#### Your objective
Type out the whole listing again exactly, pictures omitted.

#### Given data

━━━━━━━━━━━━━━━━━━━━━━━━━━━━━━

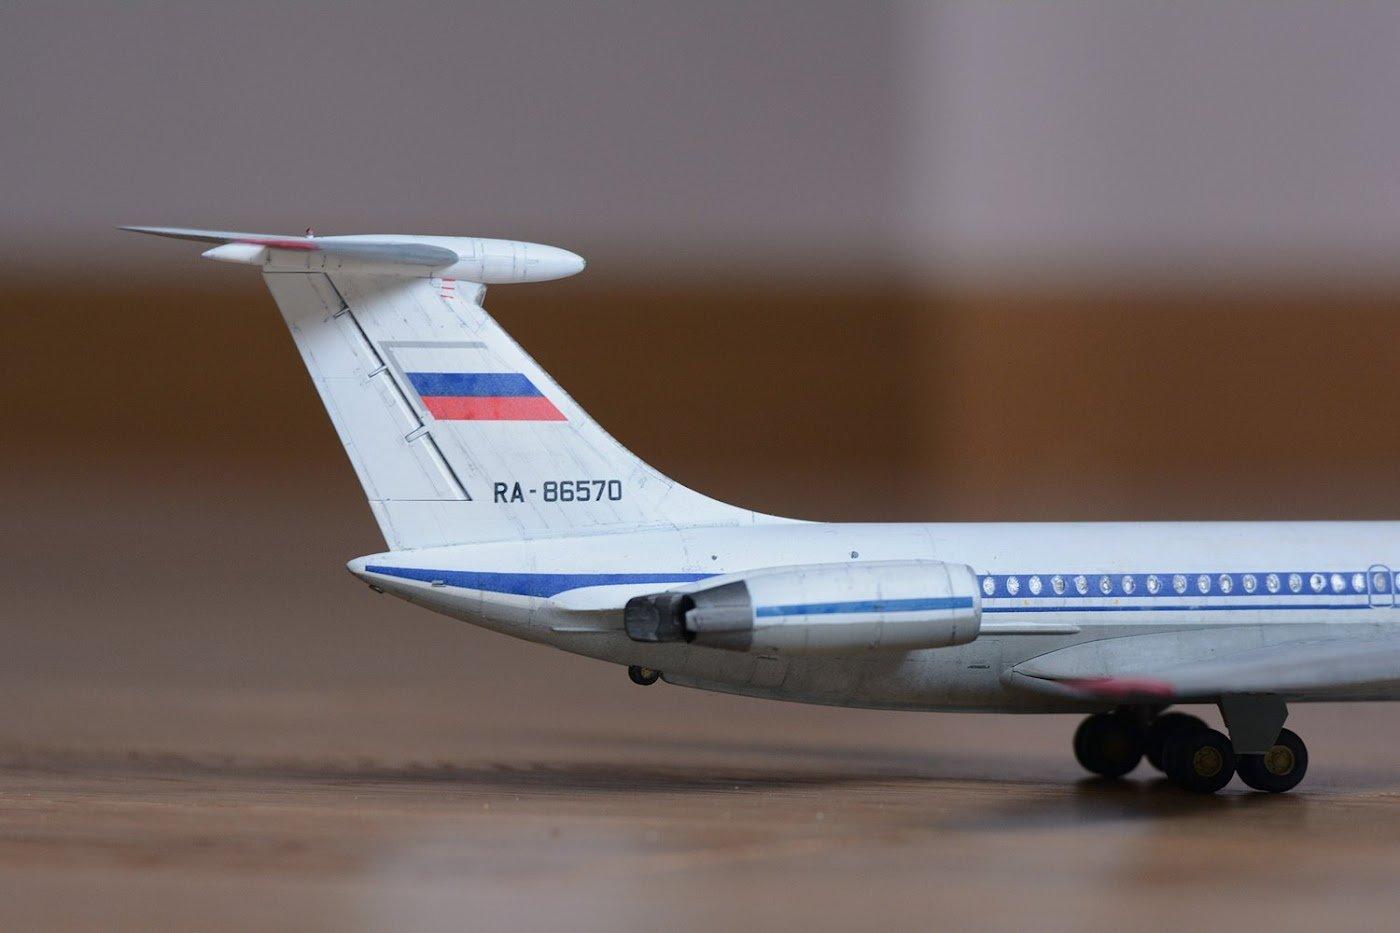 DC1_7956.jpg
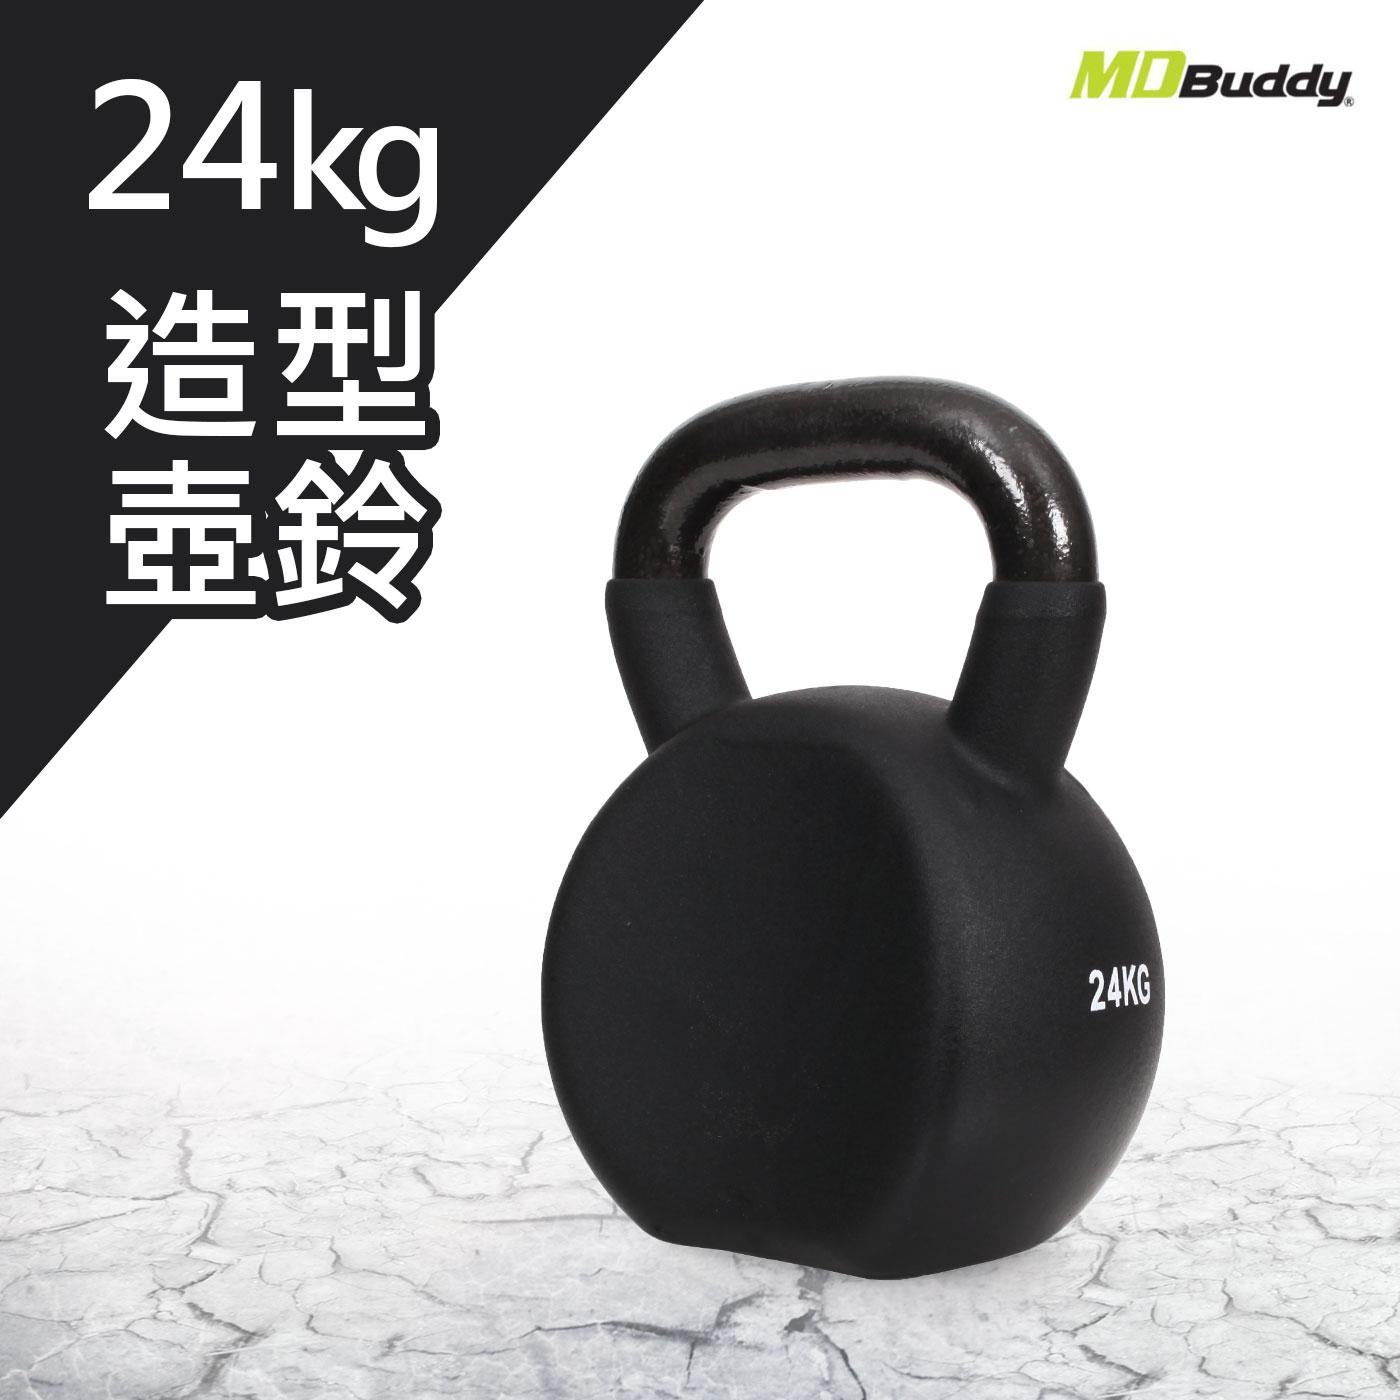 MDBuddy (24KG)造型壺鈴 6024401
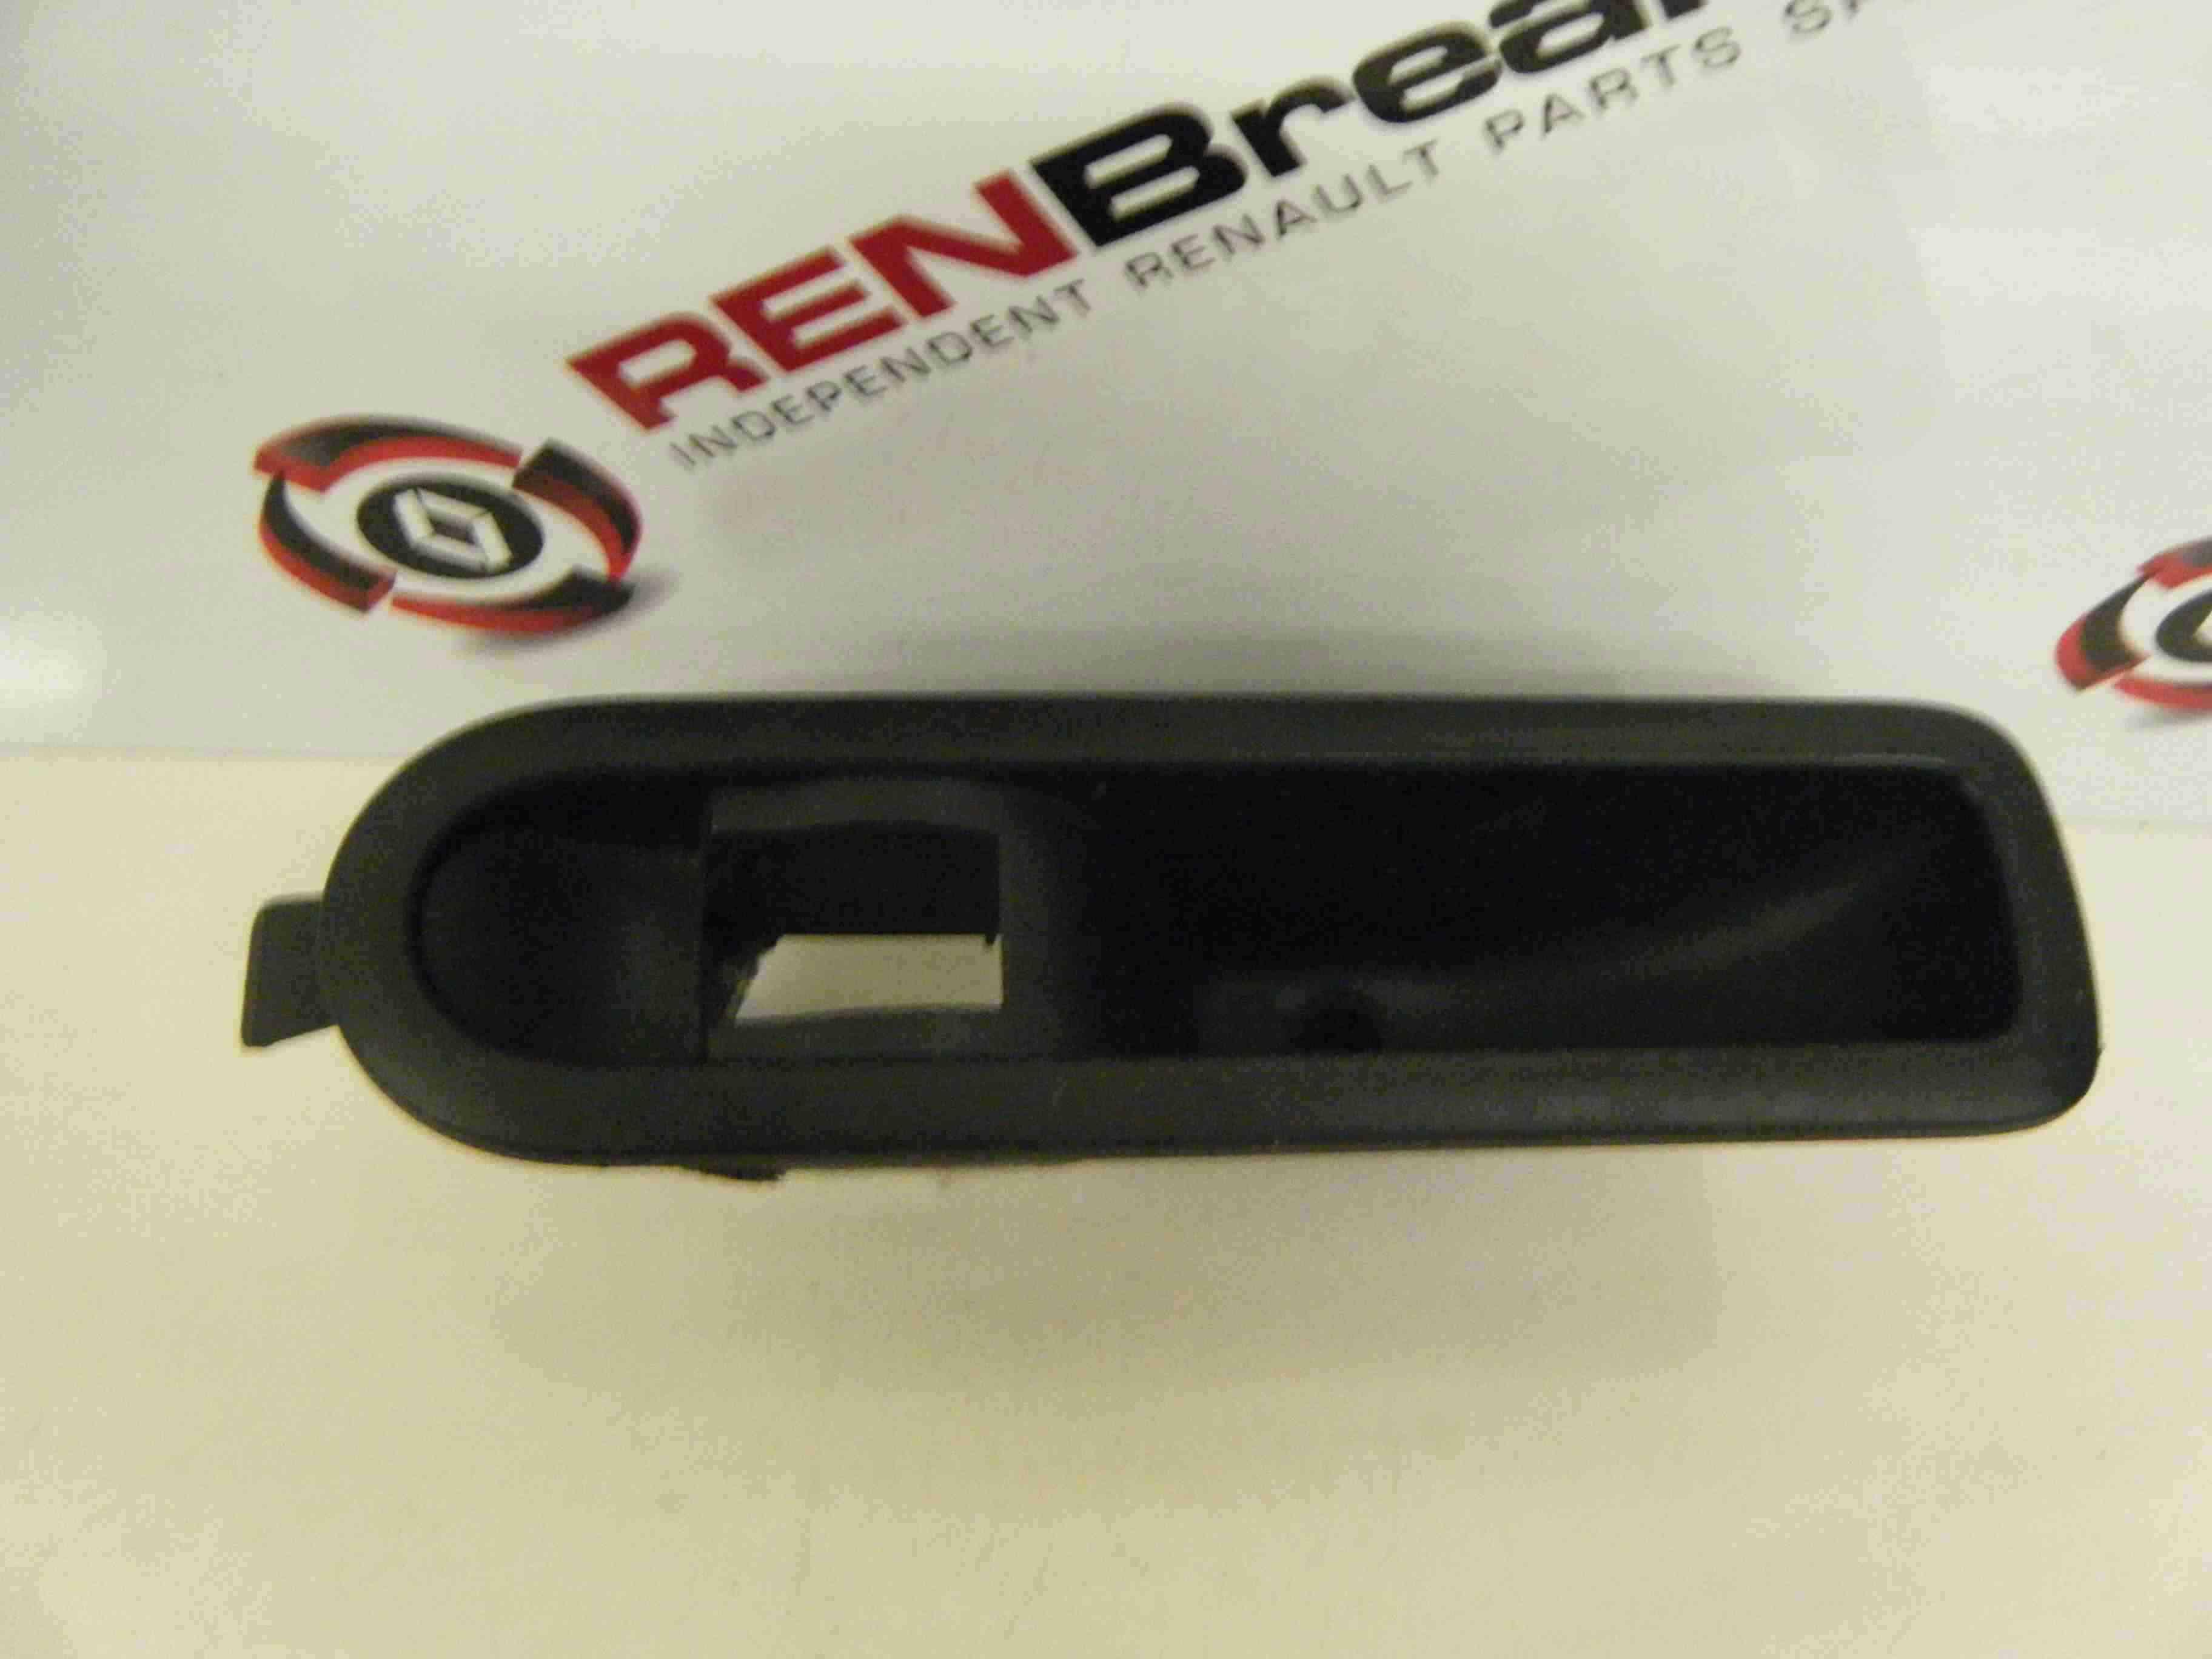 Renault Megane Scenic 2003-2009 Passenger Drivers Rear Door Handle Open Pull

━━━━━━━━━━━━━━━━━━━━━━━━━━━━━━

#### Result for this task
 DC1_7956.jpg
 MDBuddy (24KG)造型壺鈴 6024401
 Renault Megane Scenic 2003-2009 Passenger Drivers Rear Door Handle Open Pull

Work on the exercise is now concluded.